Records contained in a dataset:
- - -

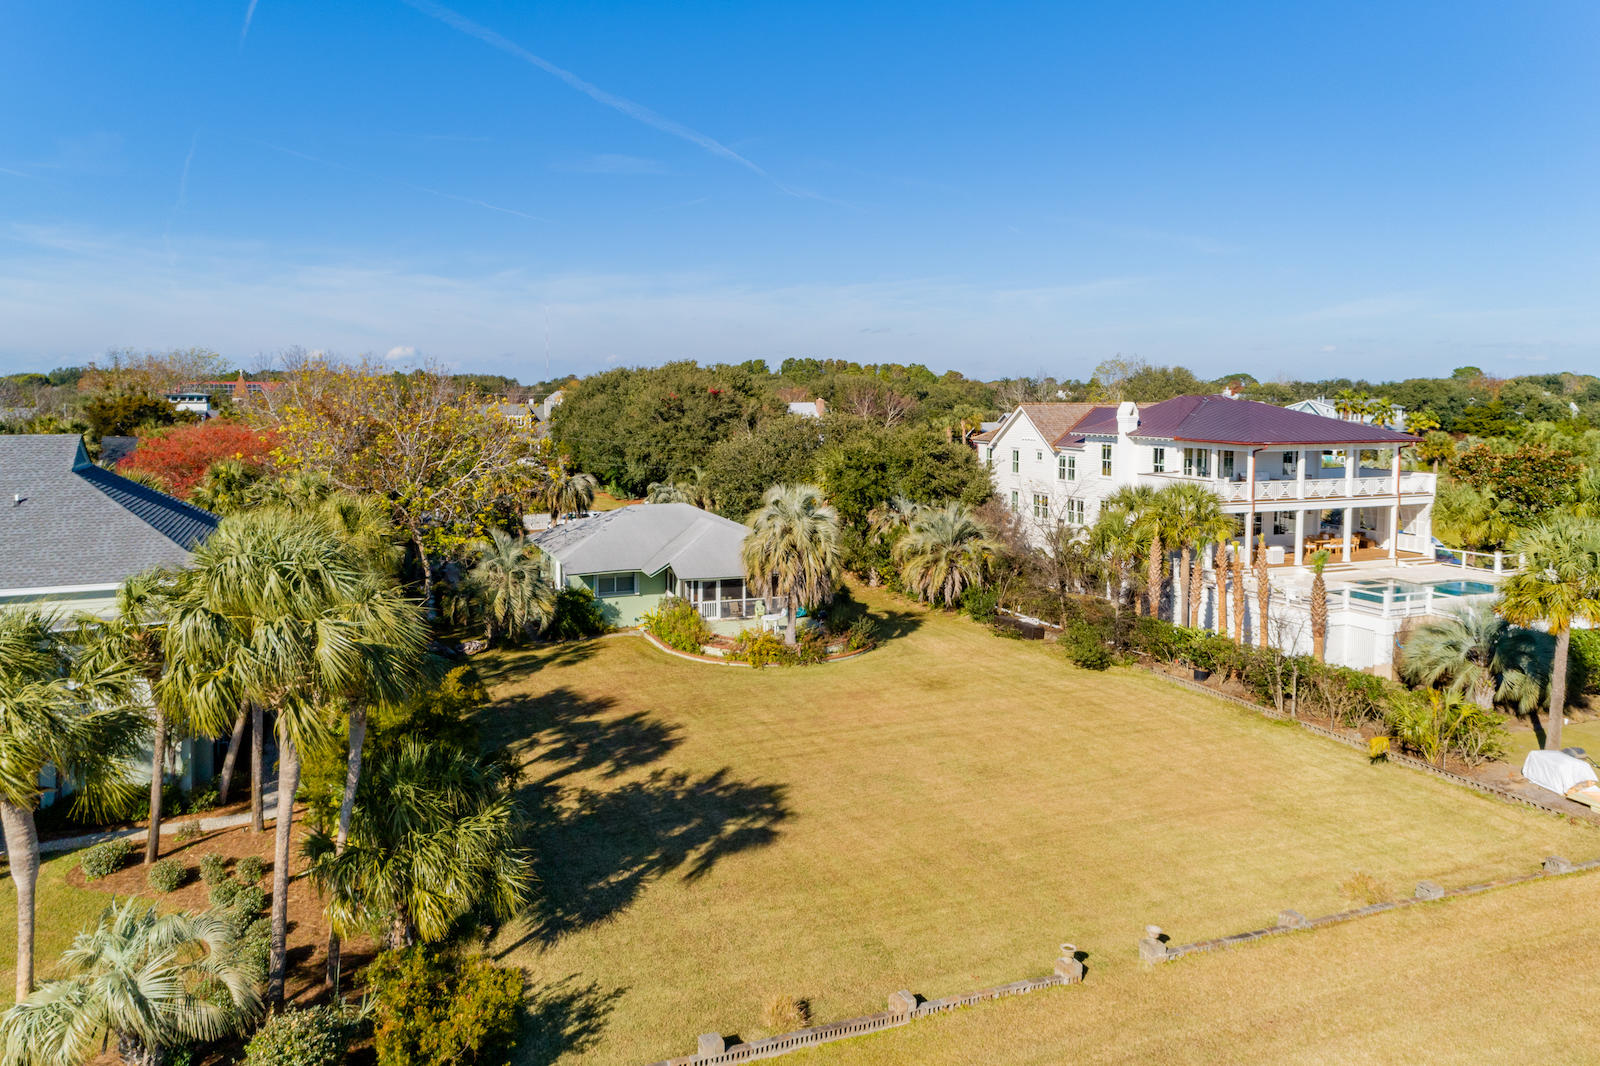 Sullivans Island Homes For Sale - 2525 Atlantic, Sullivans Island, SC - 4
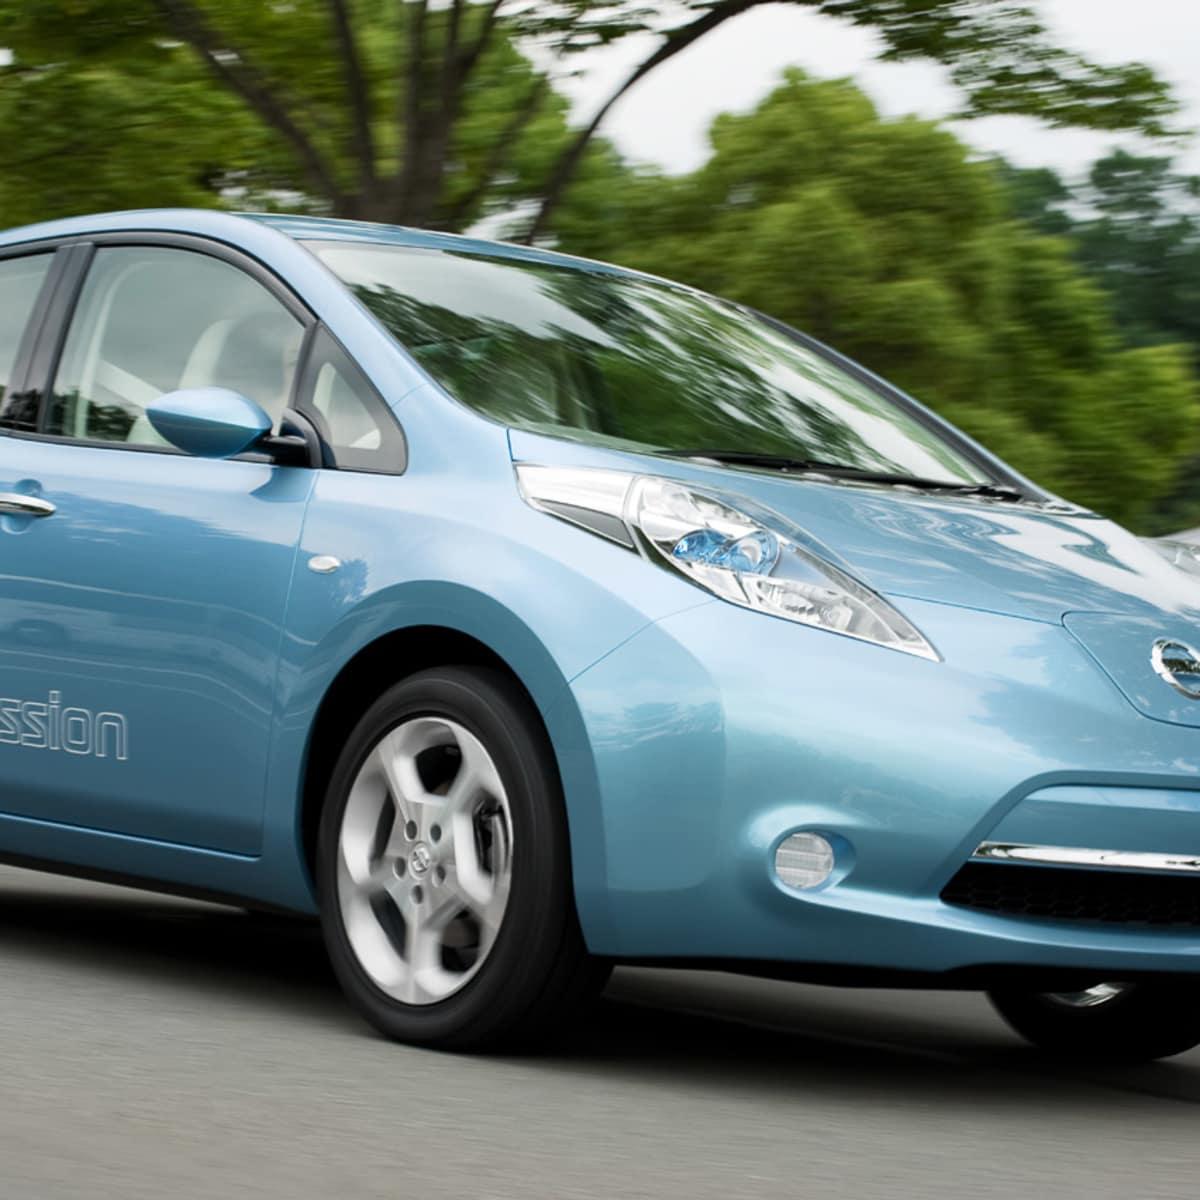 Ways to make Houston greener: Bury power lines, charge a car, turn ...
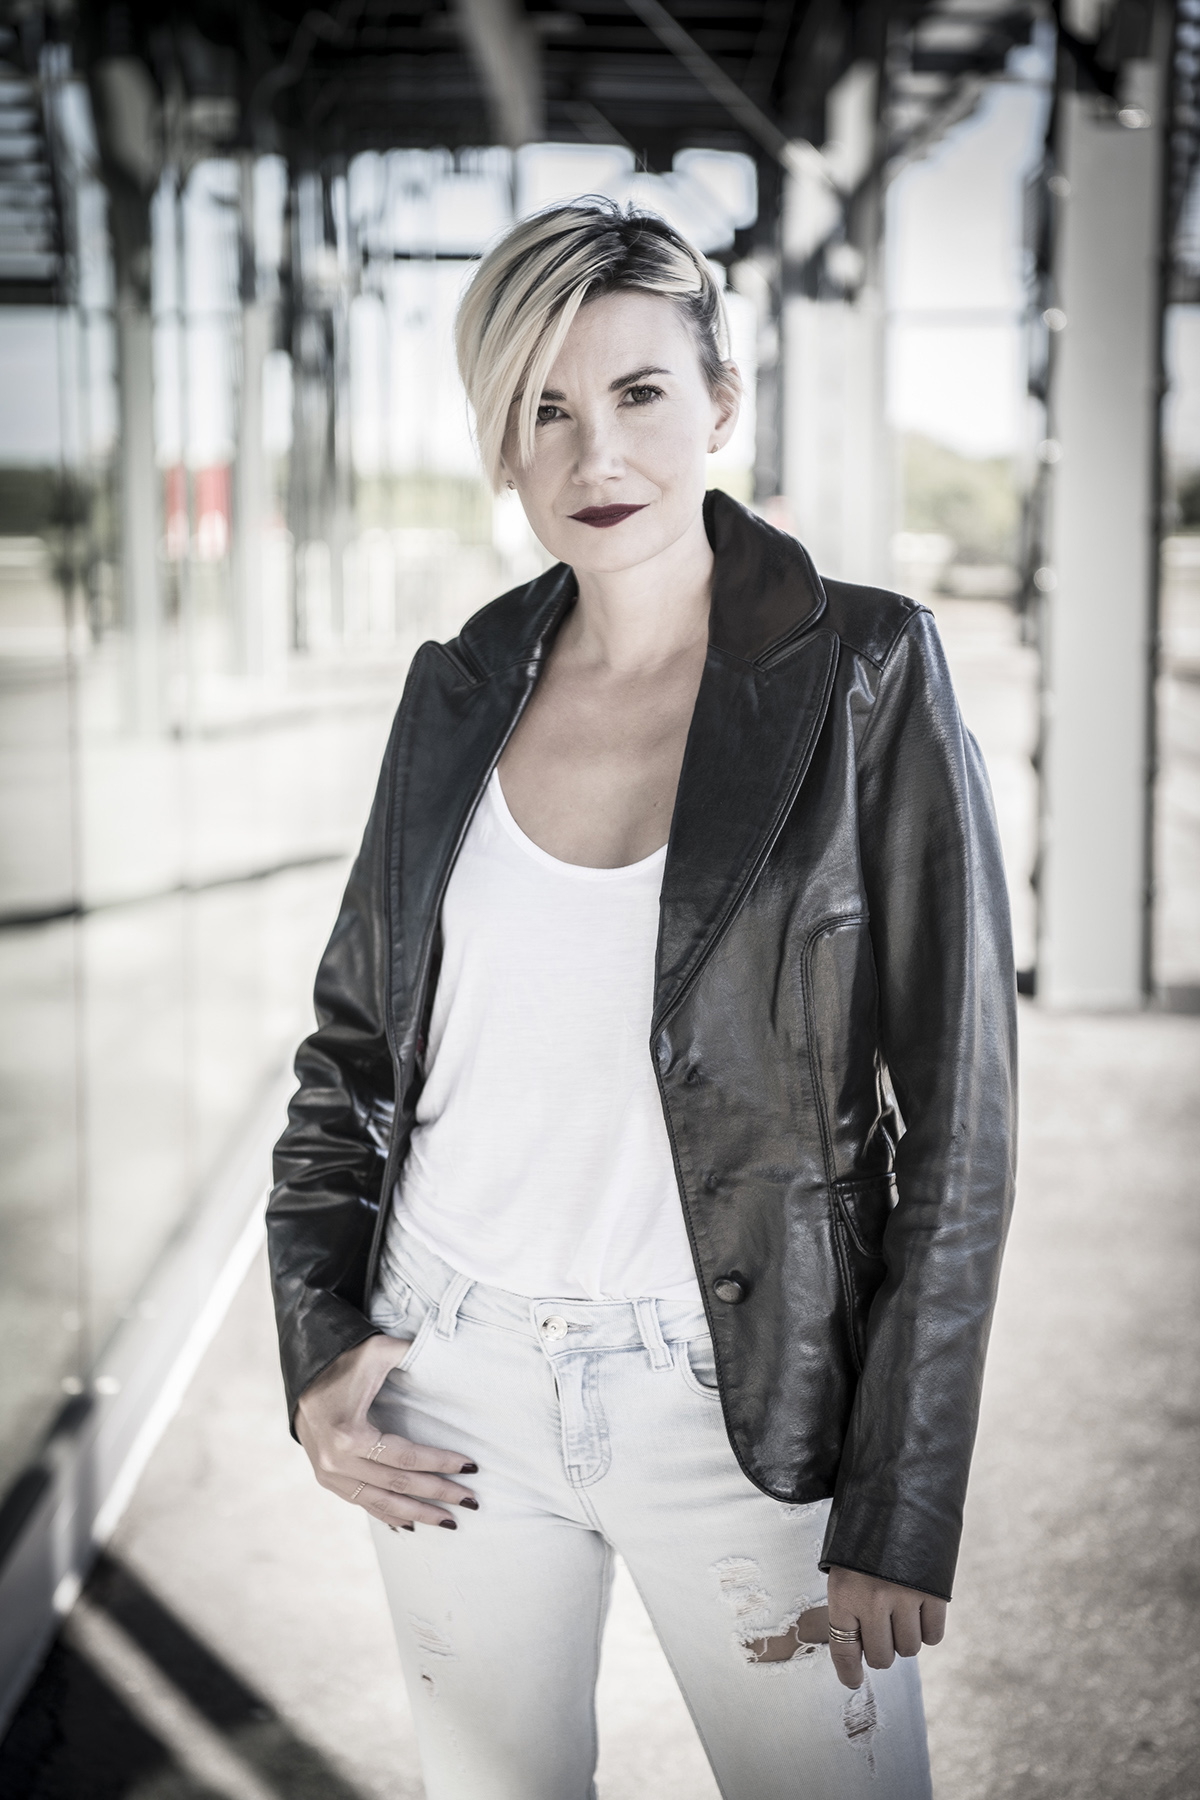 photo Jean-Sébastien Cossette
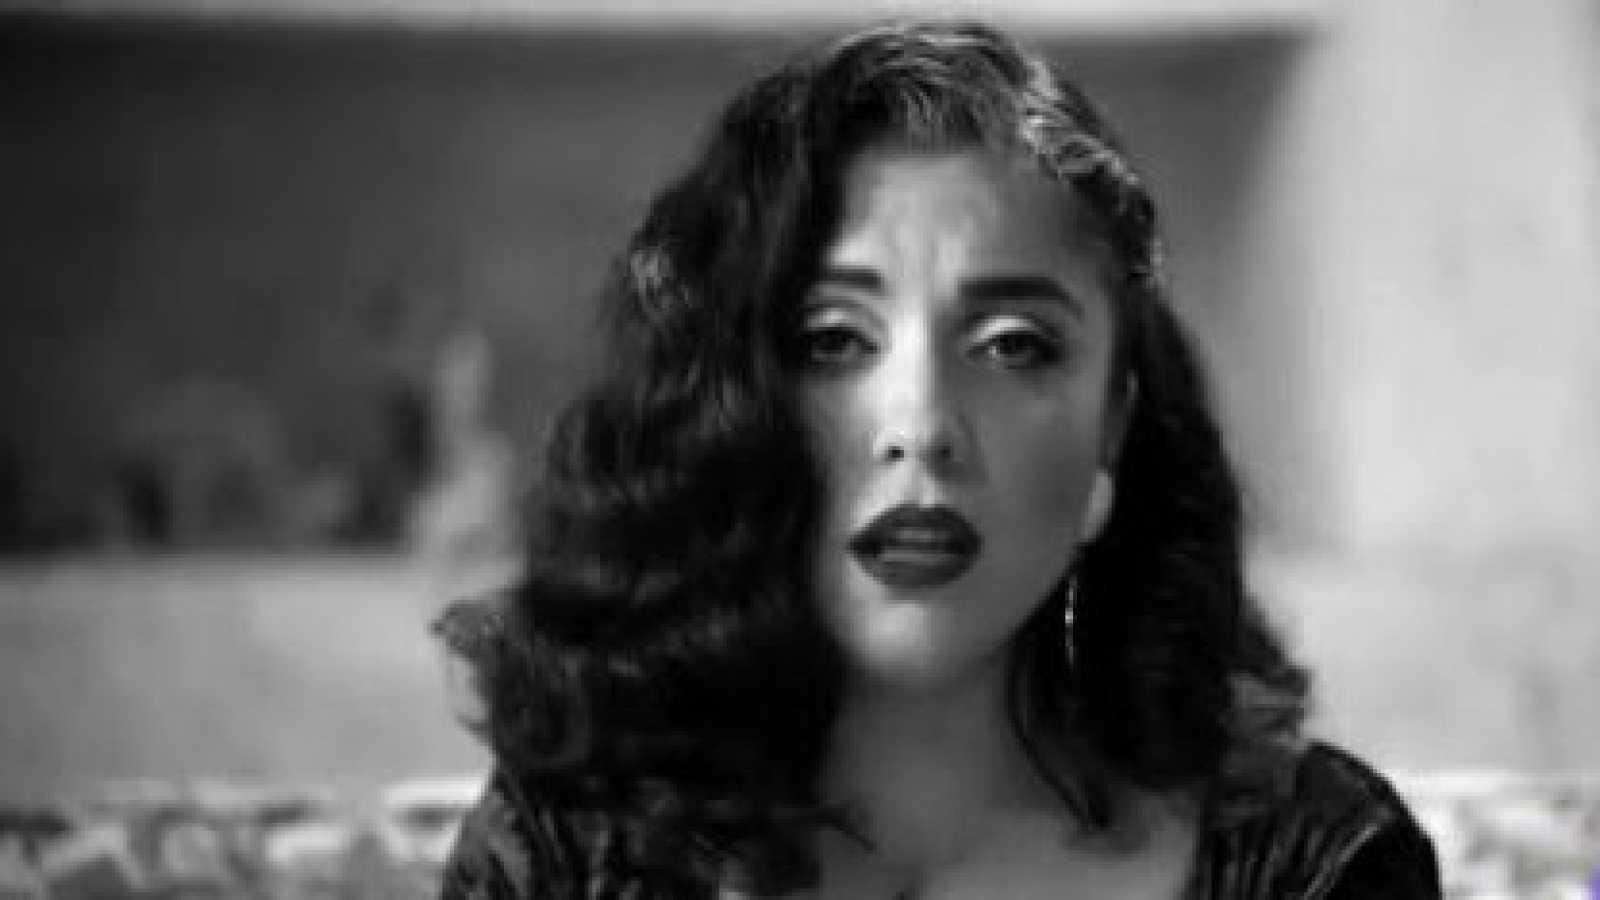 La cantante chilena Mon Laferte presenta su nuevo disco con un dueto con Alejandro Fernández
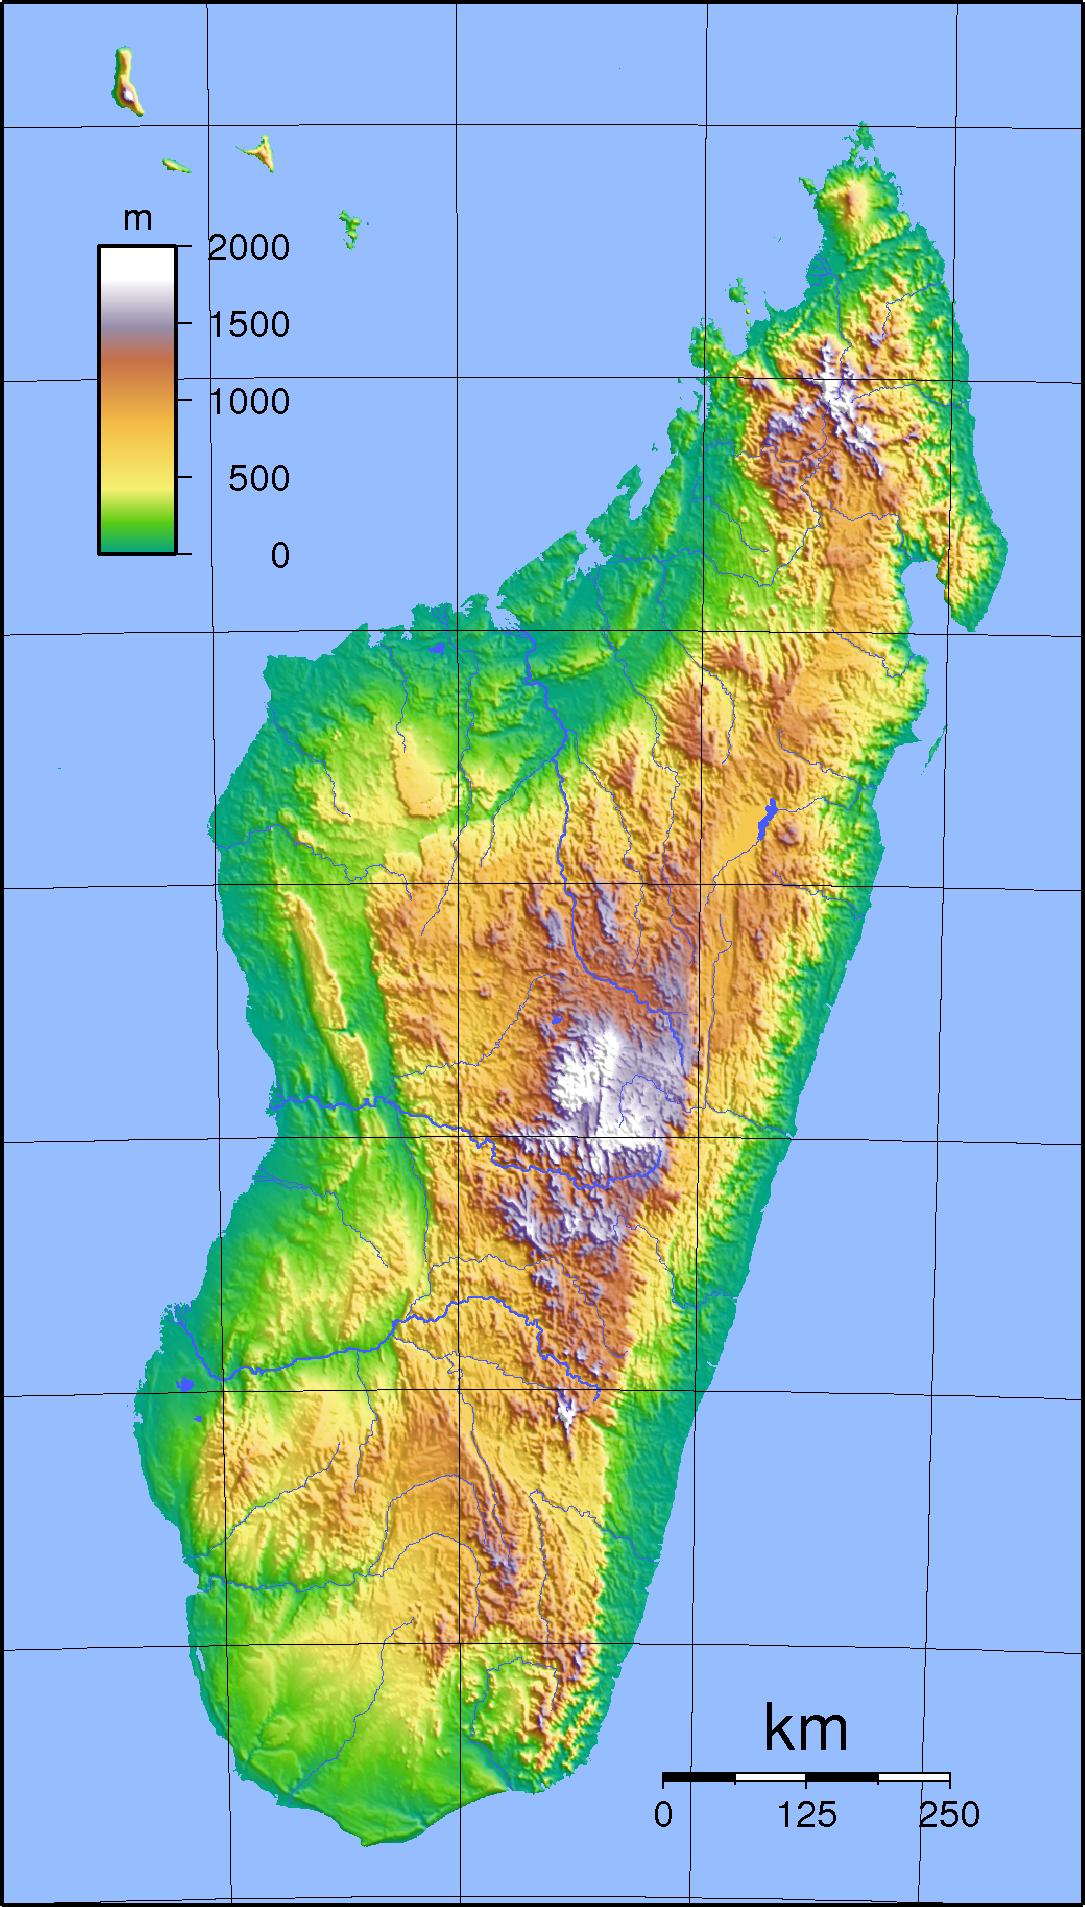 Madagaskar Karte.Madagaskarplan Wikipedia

- - -

WHAT IS EXPECTED: Set the pictures aside and reproduce the data above exactly.

ANSWER BOX:
 Sullivans Island Homes For Sale - 2525 Atlantic, Sullivans Island, SC - 4
 Ways to make Houston greener: Bury power lines, charge a car, turn ...
 photo Jean-Sébastien Cossette
 La cantante chilena Mon Laferte presenta su nuevo disco con un dueto con Alejandro Fernández
 Madagaskar Karte.Madagaskarplan Wikipedia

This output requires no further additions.